Paying attention to retrieval is particularly important now because “AI search” is not a mature or stable category. Many vendors are under pressure to show that they are “doing AI”. Some products are genuinely rethinking retrieval. Others are merely bolting an LLM onto a conventional search system, using it to generate Boolean queries and then calling the result AI search.
That may or may not improve performance. Sometimes it may add little. Sometimes it may make things worse.
I have personally tested an “AI search” tool that was worse than standard lexical keyword search. It was not subtly worse. It was obviously broken. Librarians and researchers testing it could tell almost immediately that the retrieval quality was poor.
If I had treated retrieval as a gate, I could have saved everyone time before asking them to test it.
This is why a gate-based model matters. It prevents the evaluation from being diluted by a long list of attractive but secondary features and can save time.
3. Some criteria should be made harder and more testable
Another thing I notice about many librarian evaluation matrices is that they rely heavily on qualitative judgement.
Sometimes this is unavoidable. Some criteria really are soft. Usability, for example, is difficult to reduce to a single objective number unless you run proper usability testing, which takes time and expertise.
But some criteria can be made more empirical, especially the critical ones.
Take reproducibility. A simple test is to run the same query several times and record whether the same results appear in the same order. You might run the query five or ten times, possibly across different sessions or accounts to reduce caching effects, and see how stable the ranking is.
Take interpretability. If an AI search system converts a natural language query into a Boolean string, you can copy the generated Boolean query into the conventional search interface and check whether the results match. If they do not, then either the system is not doing what it claims, or the Boolean explanation does not fully represent the actual search process.

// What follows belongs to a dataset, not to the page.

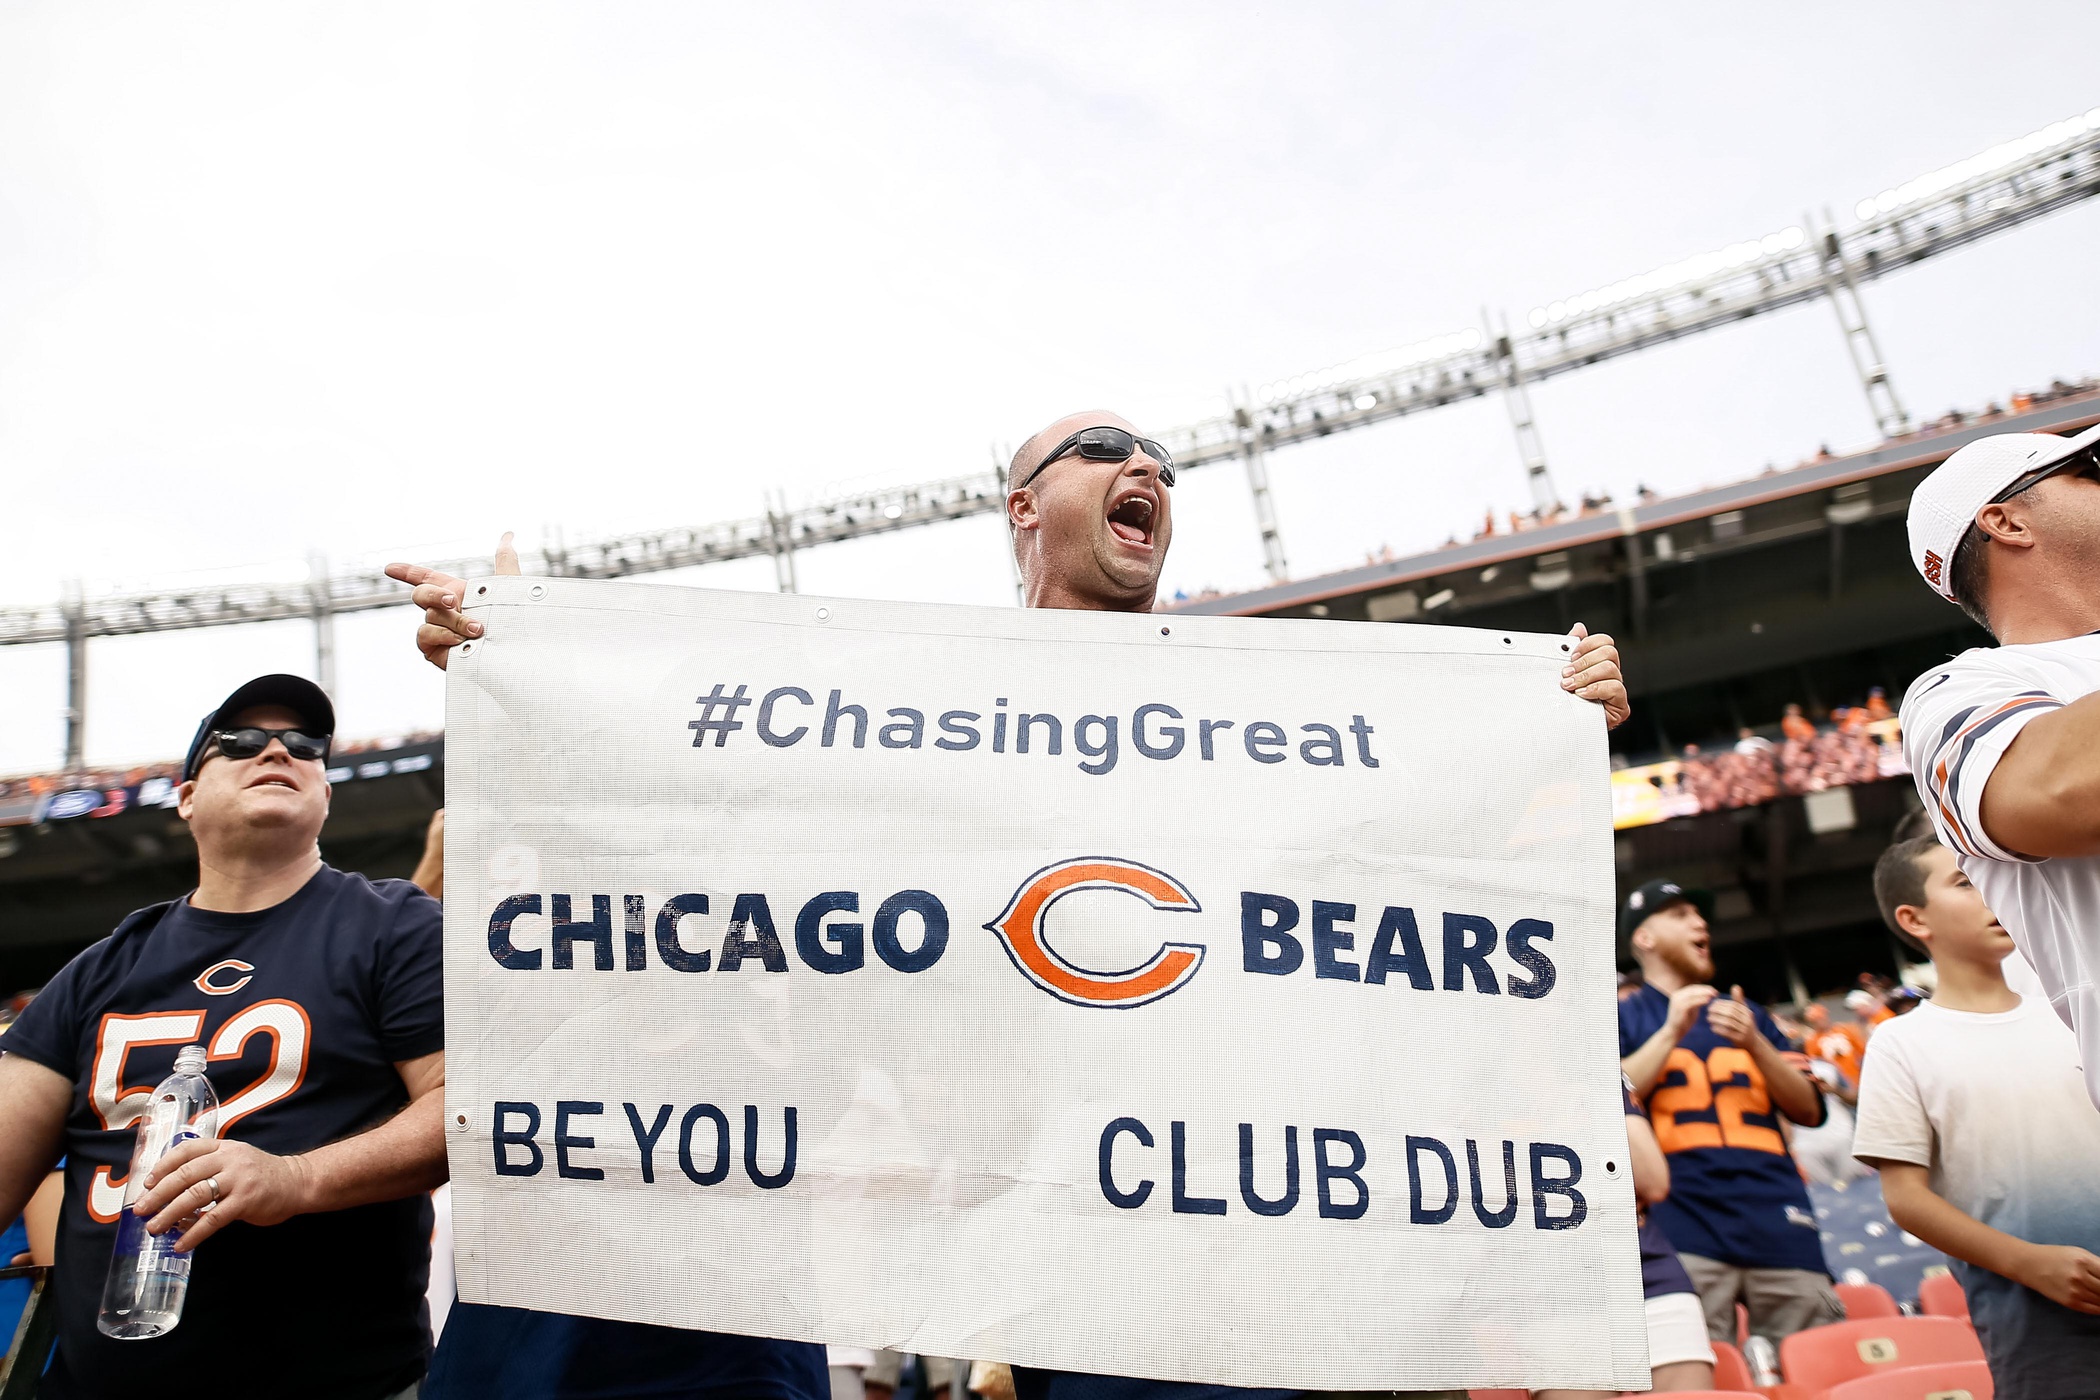 Chicago Bears Ticket Prices Are Projected To Increase By HOW Much?
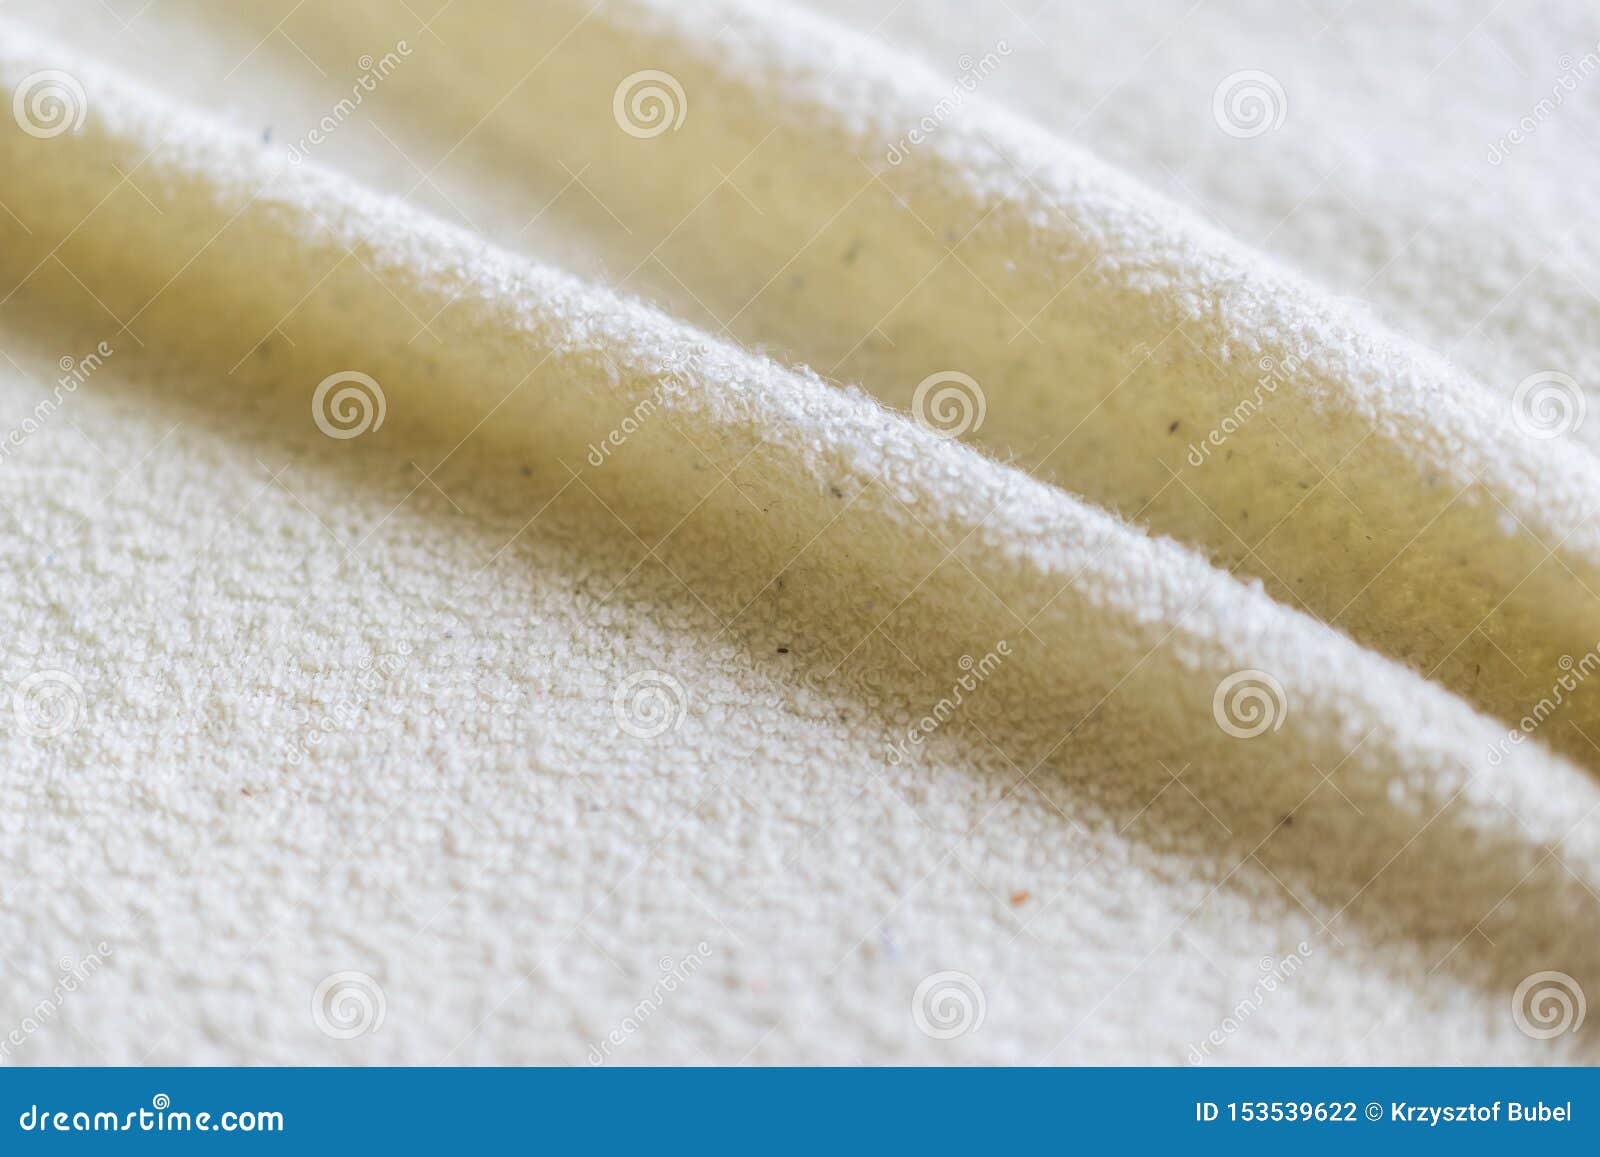 Yellow Wrinkled Cotton Material Texture Stock Photo - Image of satin ...

Take claim-source faithfulness. If a tool generates an answer and cites sources, evaluators can check how often the cited sources actually support the claims made.
Michael Gusenbauer’s work has influenced many of my thoughts here. His papers offer comparatively objective ways to assess academic search systems for evidence synthesis, including tests of search functionality, retrieval qualities, database size, and subject coverage. SearchSmart builds on this work by estimating coverage of academic databases using methods such as query hit counts, and the Basket of Keywords approach, rather than relying only on vendor descriptions or self-reported coverage.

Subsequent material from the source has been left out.